I think the arguments are good, but they are controversial, and he is not on this list to defend them, so I left out the name.
Anyway, he said give his name. It is Andy Austin.
Charles Brown
Detroit
Charles Brown:
>If things were so horrible under
>Stalin, how come nobody ever
>betrayed the Soviet Union and
>worked for imperialism inside
>the country ?
The problem is that the Soviet government lied about the connections between political dissidents and foreign governments. In Vishinsky's summary speech to the 1936 Moscow Trials, he said, "Terror was the basis of all their activities, it was the basis of the Trotskyite-Zinovievite union. This was quite unanimously testified to by people who were not directly connected with each other in their underground work. This was not only admitted here by Zinoviev and Kamenev, Smirnov and Ter-Vaganyan, Reingold and Pickel; it was stated also by Berman-Yurin, Fritz David and Valentine Olberg, that peculiar citizen of the Republic of Honduras, paid agent of Trotsky and simultaneously of the German secret police - the Gestapo."

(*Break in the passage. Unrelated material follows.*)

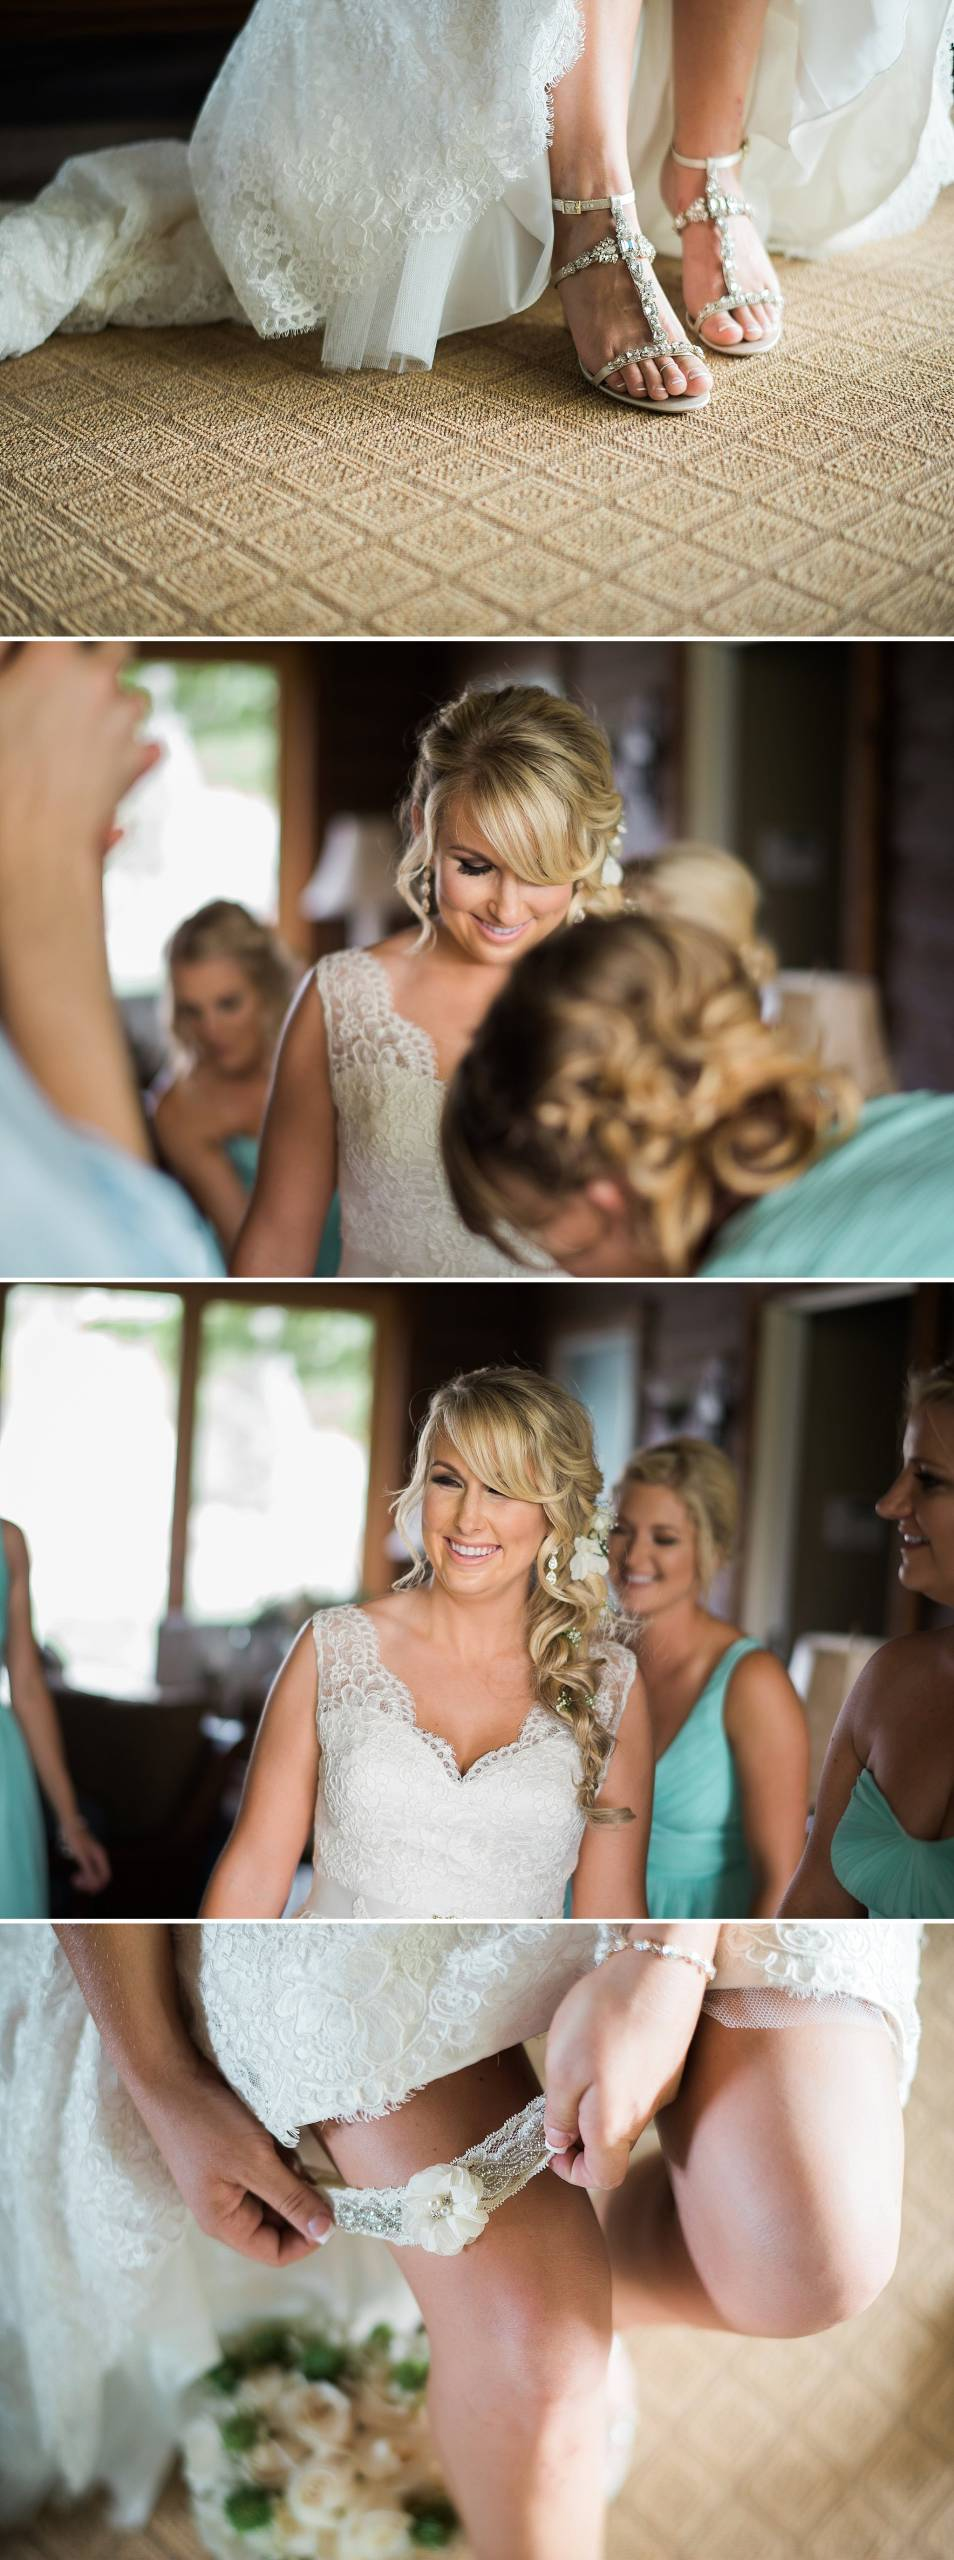 Erin + Marcel Third Element Photography & Cinema Fresno County Estate Wedding Hybrid Film Wedding Photographer_0012

Now the notion of any of these people being on the payroll of the Gestapo is just a sick, insane lie. In truth Trotsky was one of the leading opponents of Nazism in the world. Three years after Vishinsky stated these lies, the Soviet Union and Nazi Germany signed a non-aggression pact, which is not an unprincipled thing to do. What was unprincipled was Stalin's instructions to Communist Parties to mute anti-fascist agitation. That was a crime.